Penultimate is a super cool word, so it's only right that being next to last is often better than being the last. So it only makes sense that, like "Granite State" was the far superior hour of television than "Felina," the penultimate week of the 2013 NFL season will likely be better than the last.
Heading into Week 16, only four teams have clinched a postseason berth. Although logic and assumptions based on historical performance do give us a pretty good idea of what to expect, any number of possibilities remain.
After Sunday, though, it's likely that a majority of our playoff teams are cemented, with only a couple loose ends left to tie up. There are enough matchups with playoff connotations that, in theory, 11 of the 12 squads could be decided. Either the NFC North or the NFC East will have to determine a winner in Week 17.
It should all make for a fun, all-day viewing experience. Then again, let's not act like we'd turn away from the screen even if the NFL made us watch a never-ending loop of Houston-Jacksonville. This is NFL Sunday, dammit, and I need an excuse to ignore my family.
With that in mind, let's take a look at a few of the biggest games on the penultimate slate while offering selections for every contest against the spread. Because I am not 12.
Games of the Week
New Orleans Saints vs. Carolina Panthers (-3)
What do we make of the Saints' 31-13 evisceration of Carolina in Week 14? New Orleans is undefeated at home this season; was this merely a case of the Superdome overwhelming the up-and-coming Panthers, or are the Saints so wildly better than Cam Newton and Co. that a second beatdown is preordained on Sunday?
A victory for New Orleans locks up the NFC South. The two teams come in with matching 10-4 records, but the Saints would lock up the division and a first-round bye thanks to taking the head-to-head tiebreaker. Having already lost to Seattle, Sean Payton would very likely have the opportunity to rest his starters in Week 17 with the win.
There are more than a few reasons to think that clinching effort will be more difficult than the first victory. Despite the embarrassing loss, the Panthers had success in a couple key offensive areas that they could exploit on Sunday.
First and foremost, this should be a big afternoon for the run. Whether it's with the read-option or on the plain, old-fashioned handoff, if Newton throws 30 times, something has gone horribly wrong. The Panthers carved New Orleans for nearly six yards per run, taking advantage of Rob Ryan's aggressive schemes to find consistent space.

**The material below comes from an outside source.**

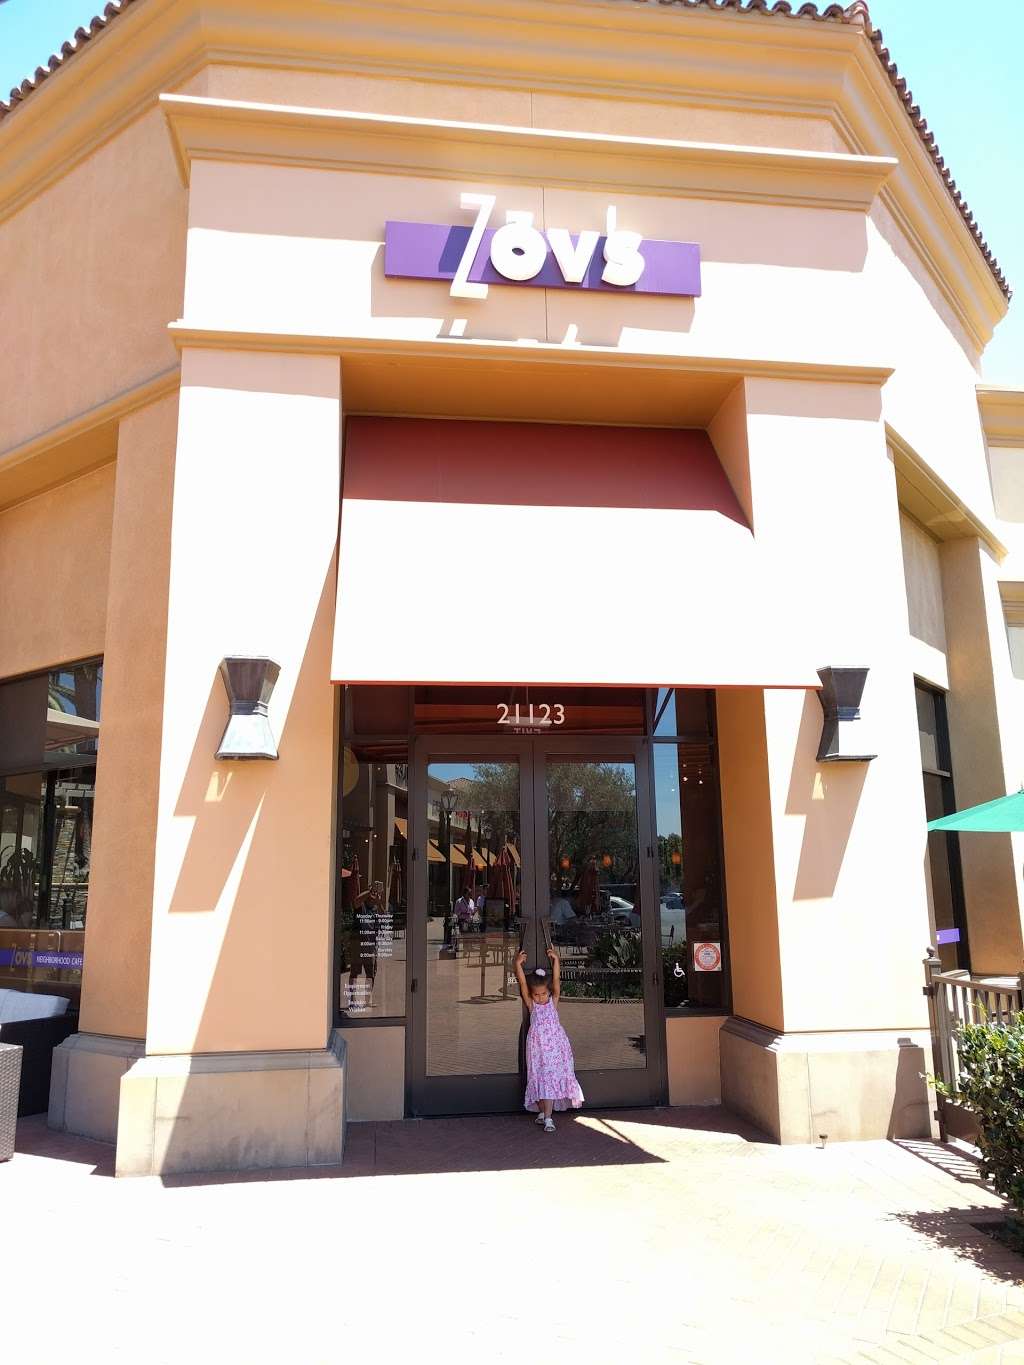 Zovs Restaurant Newport | 21123 Newport Coast Dr, Newport Beach, CA 92657 | Phone: (949) 760-9687

Those carries should be there again, as Ryan's best path to resistance involves pressuring Newton into poor reads. The Saints sent Cammy Cam to the turf seven times in Week 14, including five sacks. Junior Galette was a menace on the outside with three sacks, and Carolina's inability to protect the quarterback has been a bugaboo (Pro Football Focus subscription required) all season.
But the Panthers should be able to keep this game in the 20s, mostly because their defense is far better than they showed at the Superdome. Drew Brees threw four touchdowns, two apiece to Marques Colston and Jimmy Graham, as the Carolina pass rush proved unable to disrupt the pass. Fantastic as Brees is, though, I don't see a repeat coming.

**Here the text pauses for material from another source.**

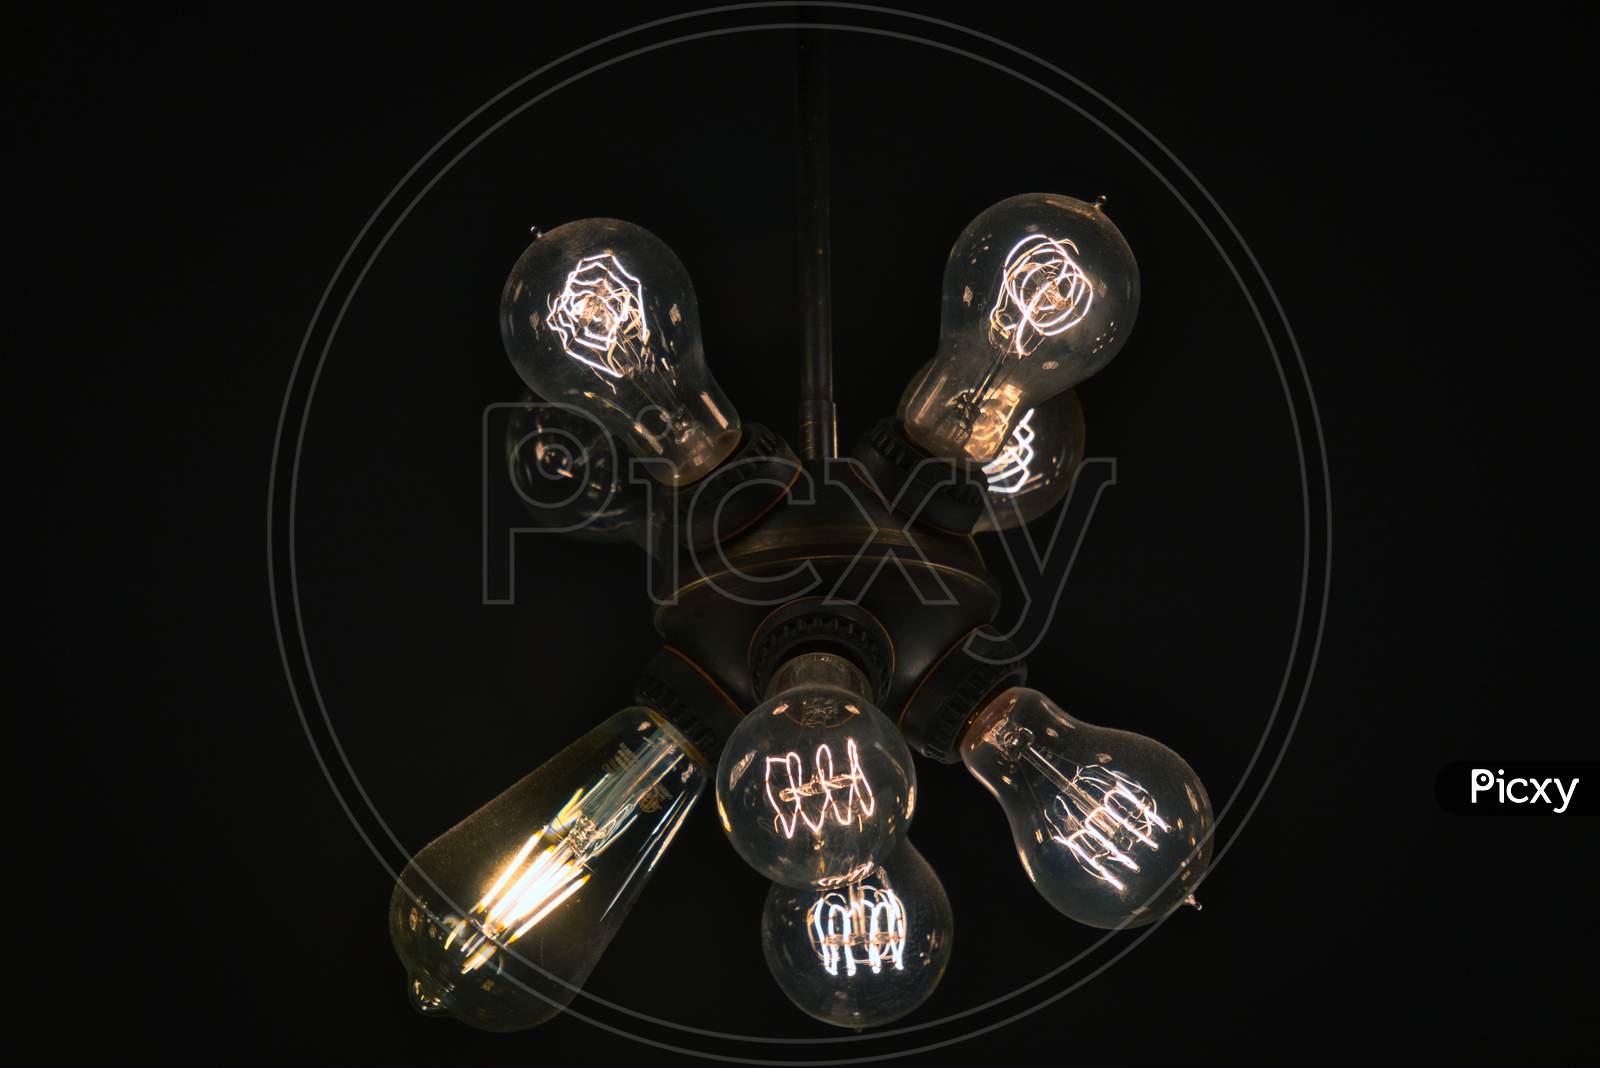 Super dimmed lights via candescent bulb

The Panthers are just better, frankly, than what they showed. They're third in defensive DVOA and actually do better at stopping secondary receivers—of whom Brees loves finding—than WR1-heavy units. It's always a risk to believe in the younger team, but Carolina looks ready for the moment.
Score: Panthers 24, Saints 20
Arizona Cardinals vs. Seattle Seahawks (-10.5)

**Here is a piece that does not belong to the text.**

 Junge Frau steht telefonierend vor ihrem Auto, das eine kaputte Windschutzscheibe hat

This whole the Seahawks being unstoppable at home thing is starting to get awkward. We're approaching the two-year calendar anniversary since Pete Carroll's bunch lost at CenturyLink Field. It's not quite the Miami Dolphins winning 27 consecutive homes games from 1971-1974, but considering how quickly things change in the modern era, the Seahawks' run is deserving of its plaudits.
So good are they at home that they're a 10.5-point favorite over arguably the nation's most underrated team. No matter how much we want to remember this team as the laughable group that once started Max Hall, John Skelton and a never-ending stream of other horrible quarterbacks, the Cardinals are pretty darned good.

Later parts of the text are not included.